PROVIDED DATA ▸
------------------------------------------------------------------------

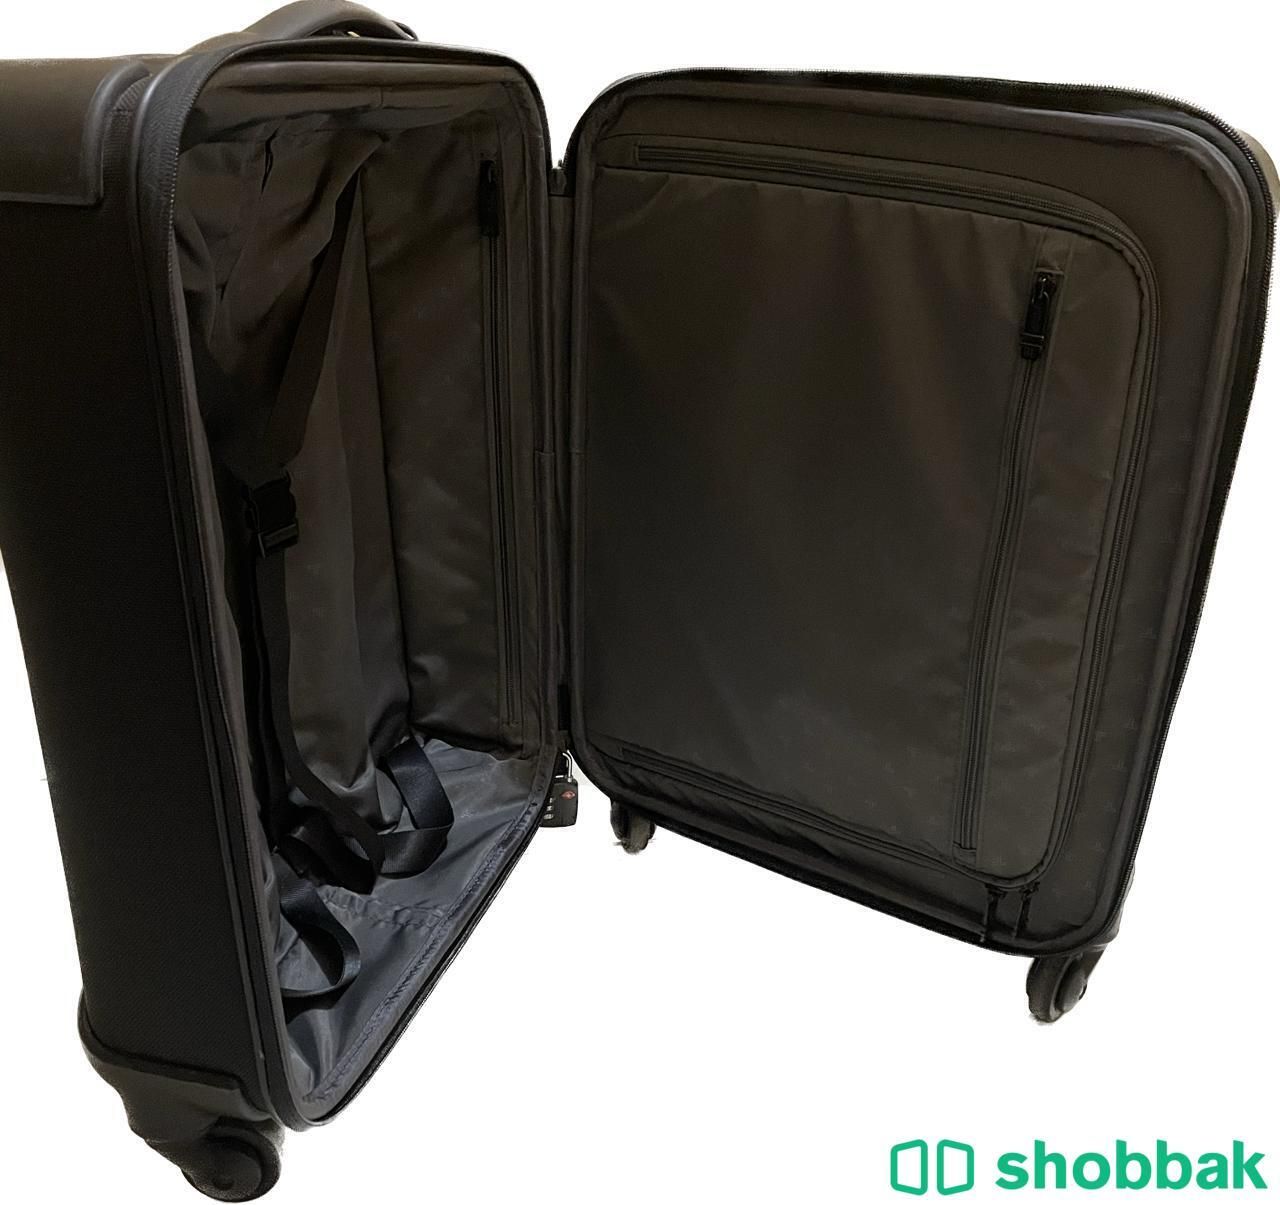 حقيبة سفر تومي Tumi Carry-on bag Shobbak Saudi Arabia
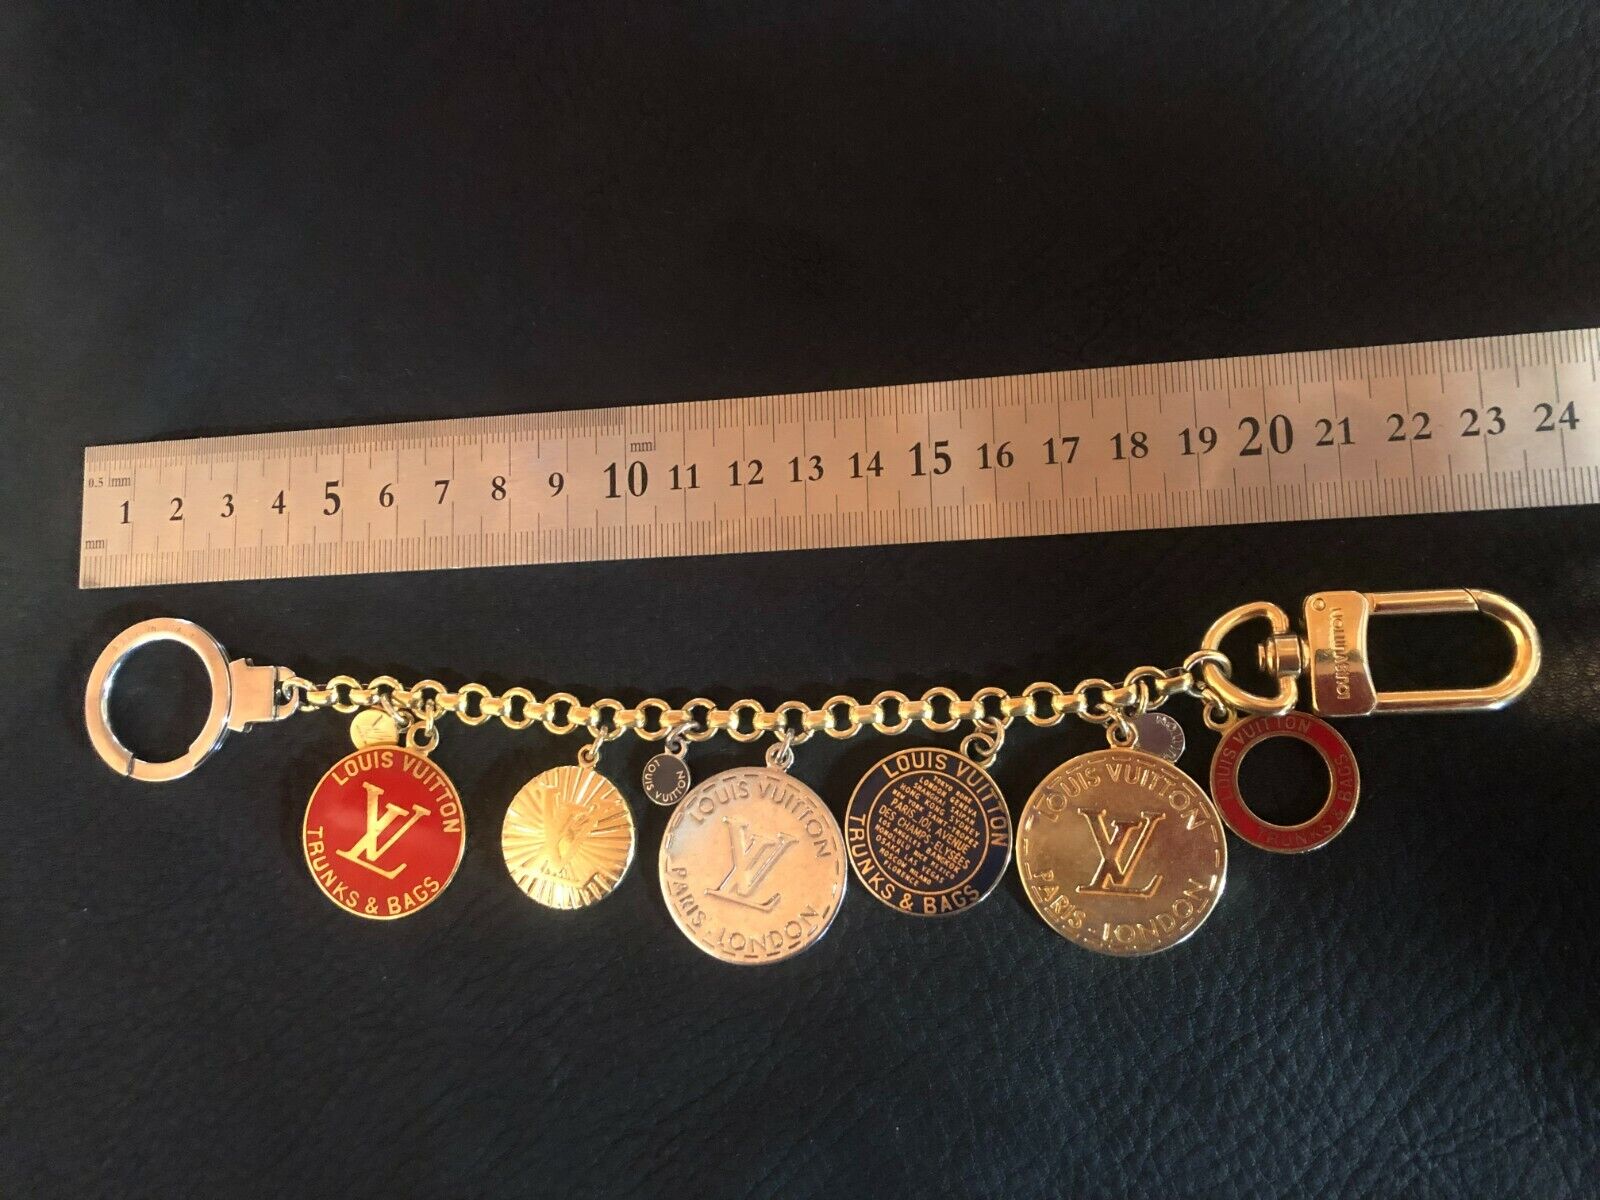 LV coins purse,Key Chain, Key Ring, Coin bag, Ky Holder, handbag
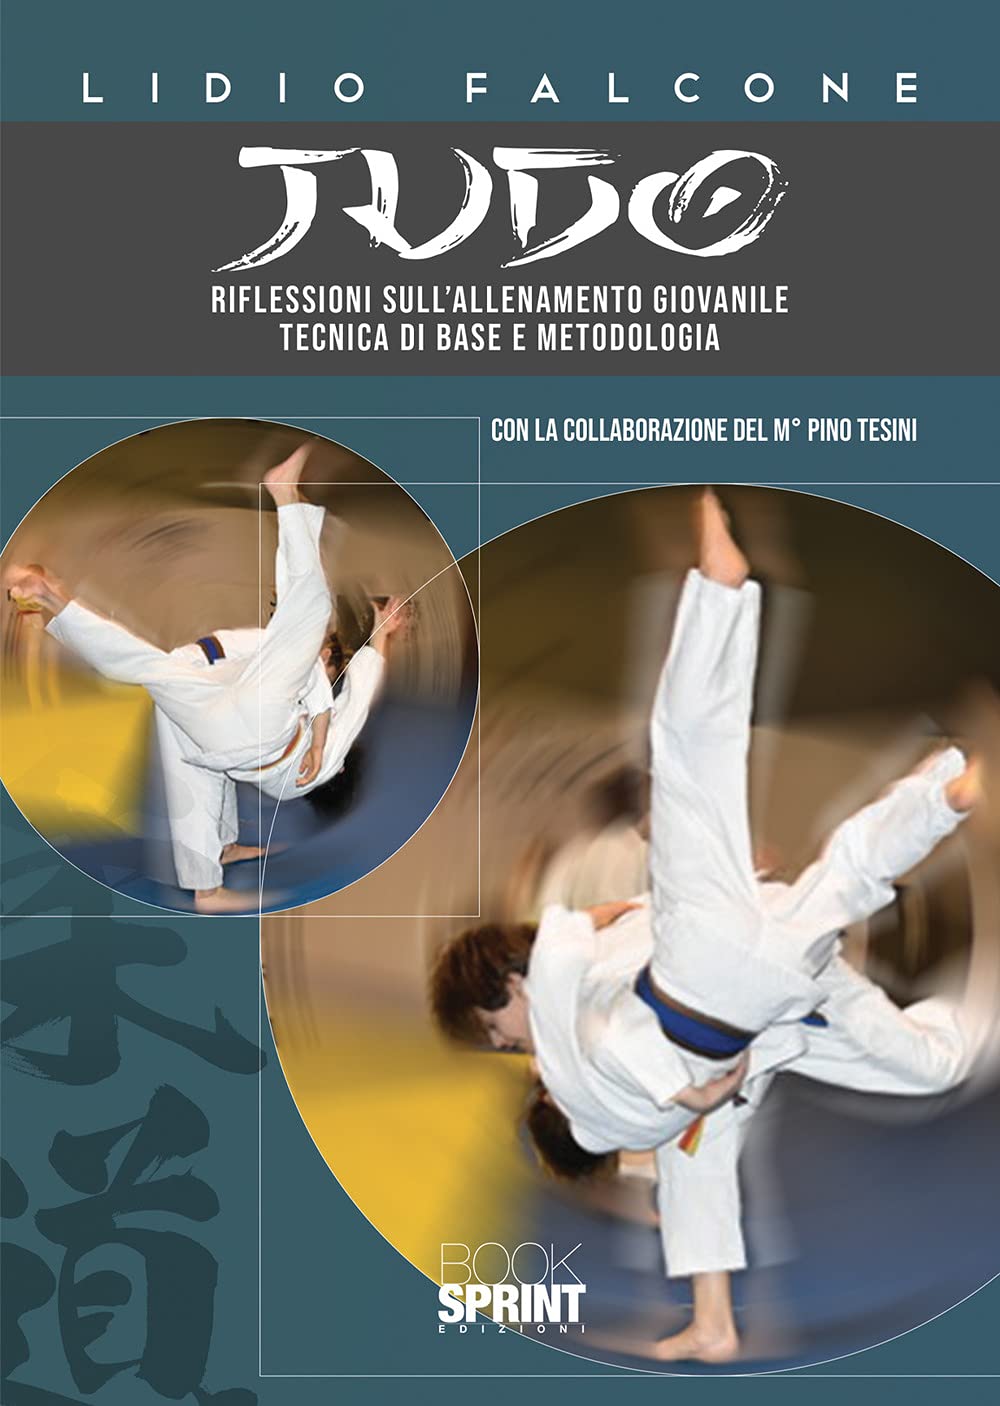 images/pubblicazioni/2021/large/large/Judo-Lidio-Falcone.jpg
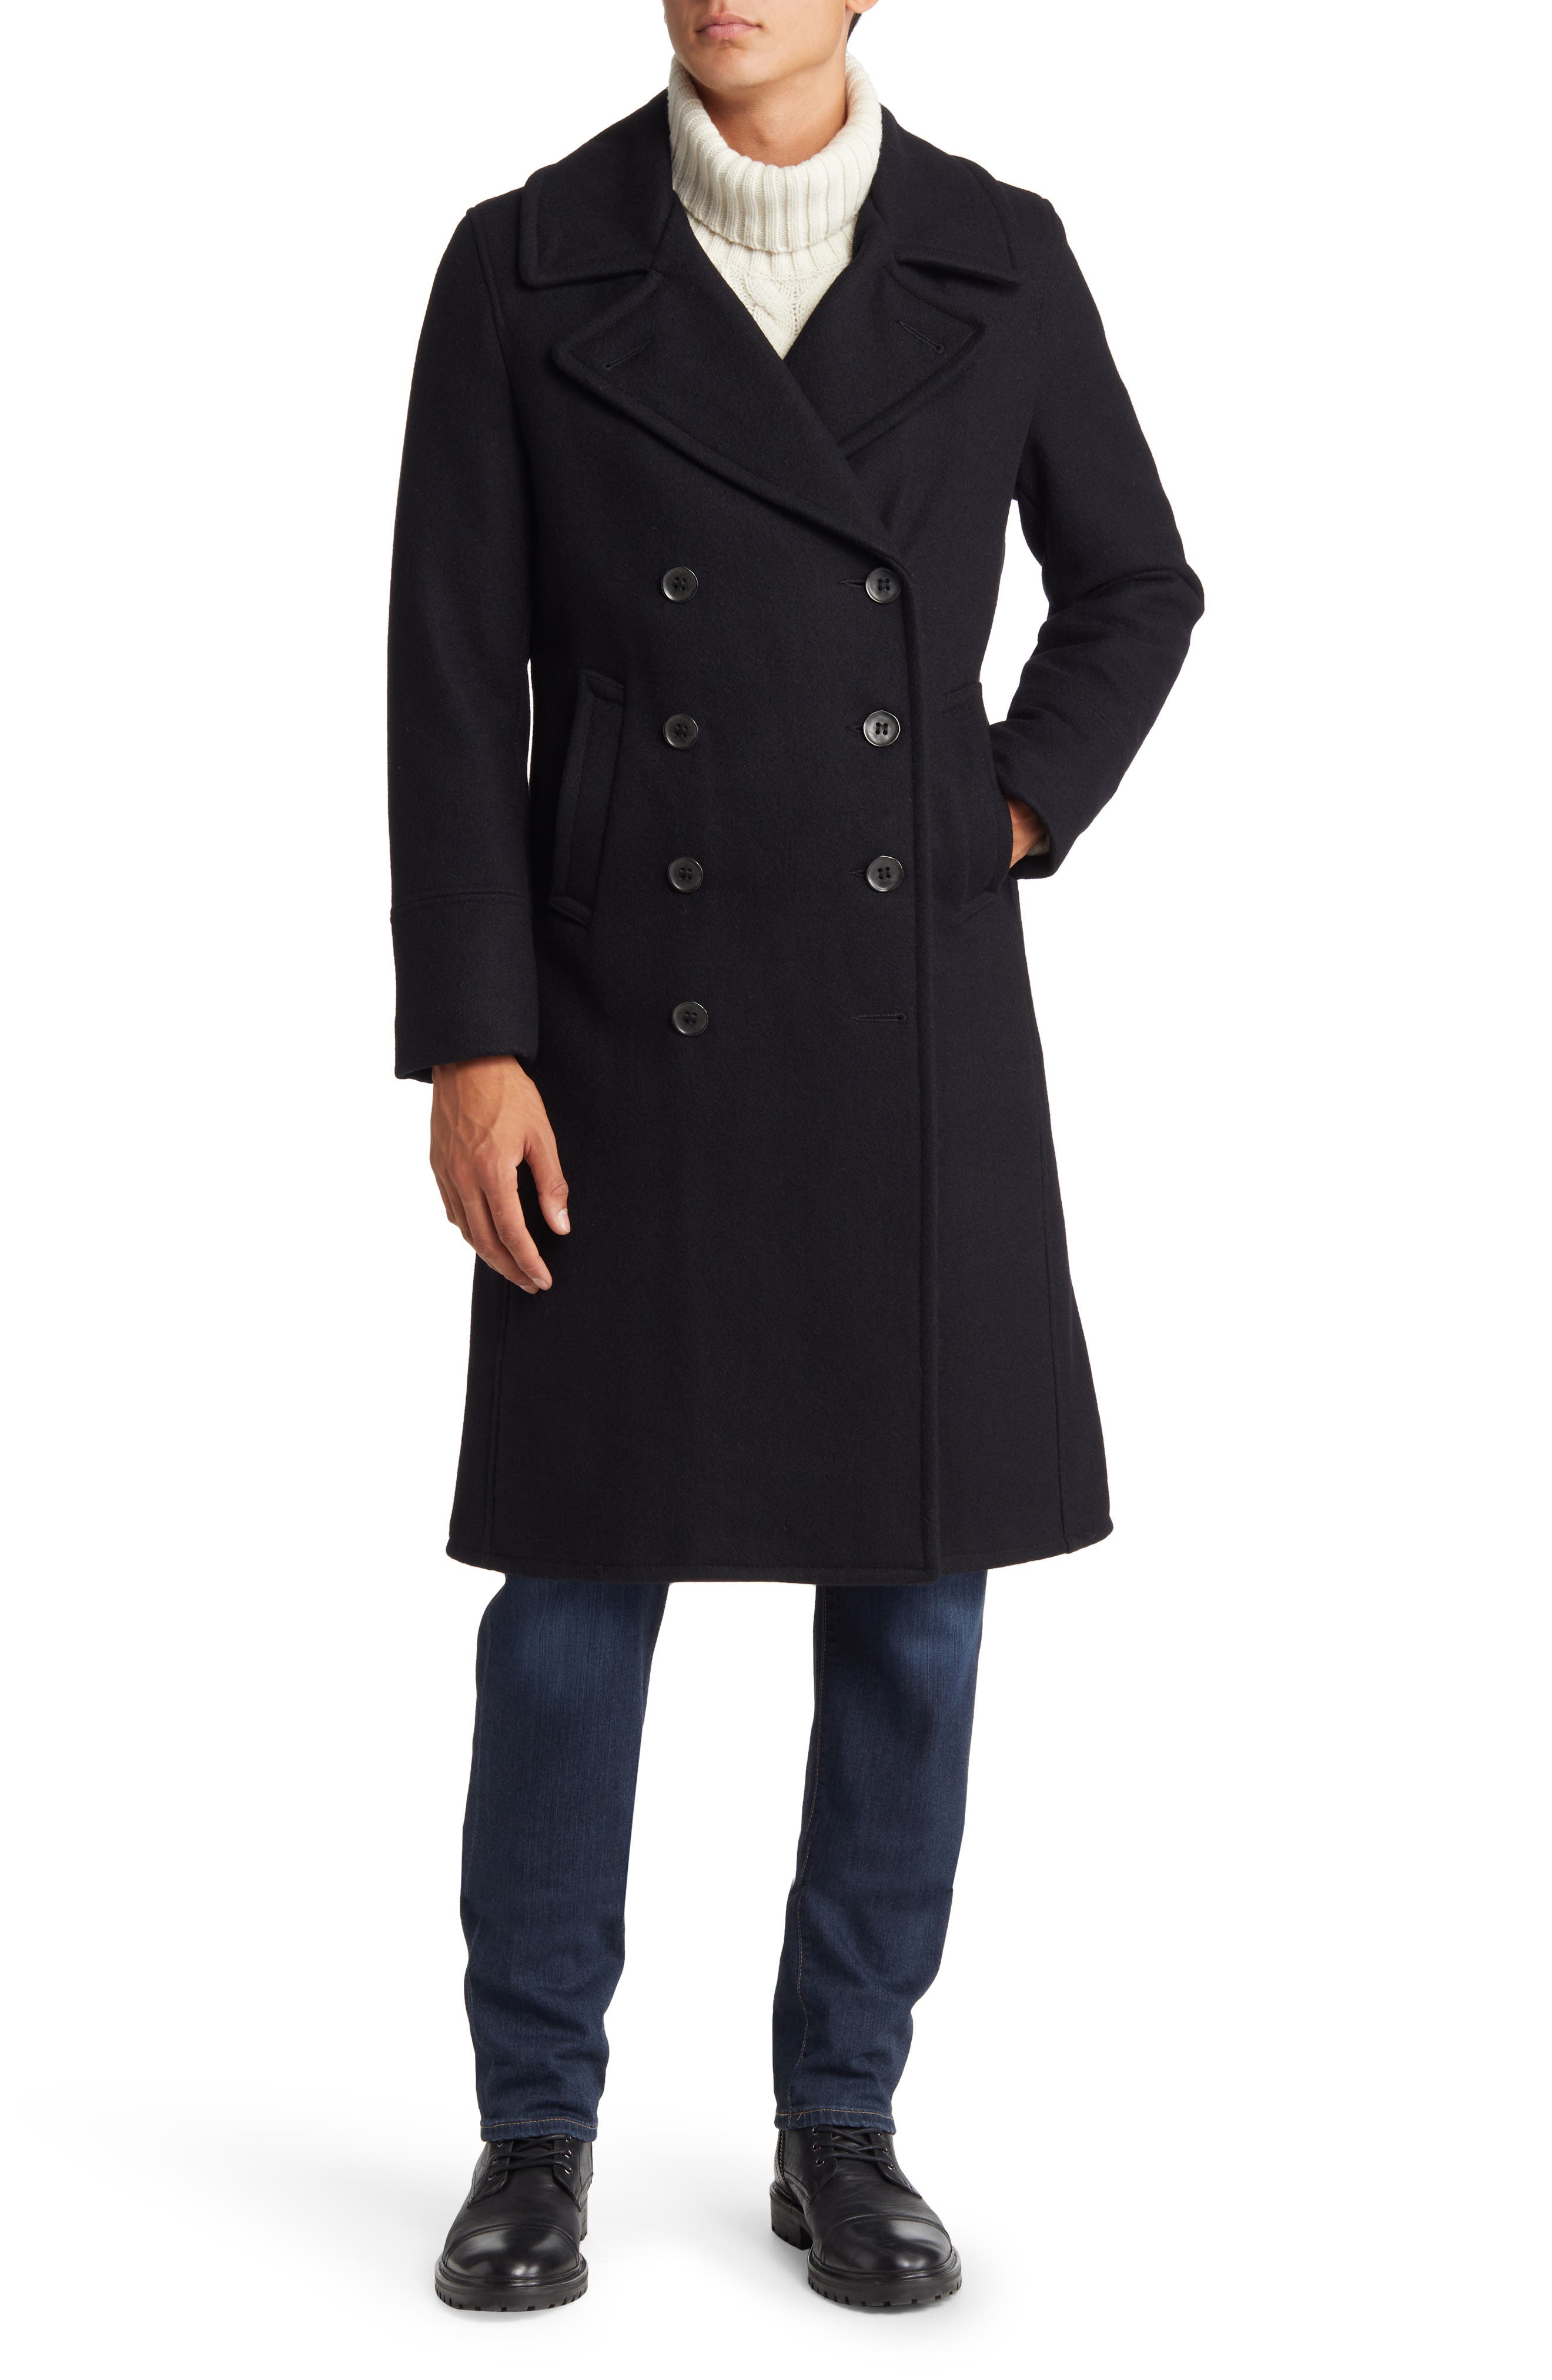 discount 40% White S MEN FASHION Coats Basic NoName Long coat

------------------------------------------------------------------------

Output each line of the listing above, word for word, from the one holding "LV coins purse,Key" through the last line, both included; omit the pictures.

 LV coins purse,Key Chain, Key Ring, Coin bag, Ky Holder, handbag
 images/pubblicazioni/2021/large/large/Judo-Lidio-Falcone.jpg
 discount 40% White S MEN FASHION Coats Basic NoName Long coat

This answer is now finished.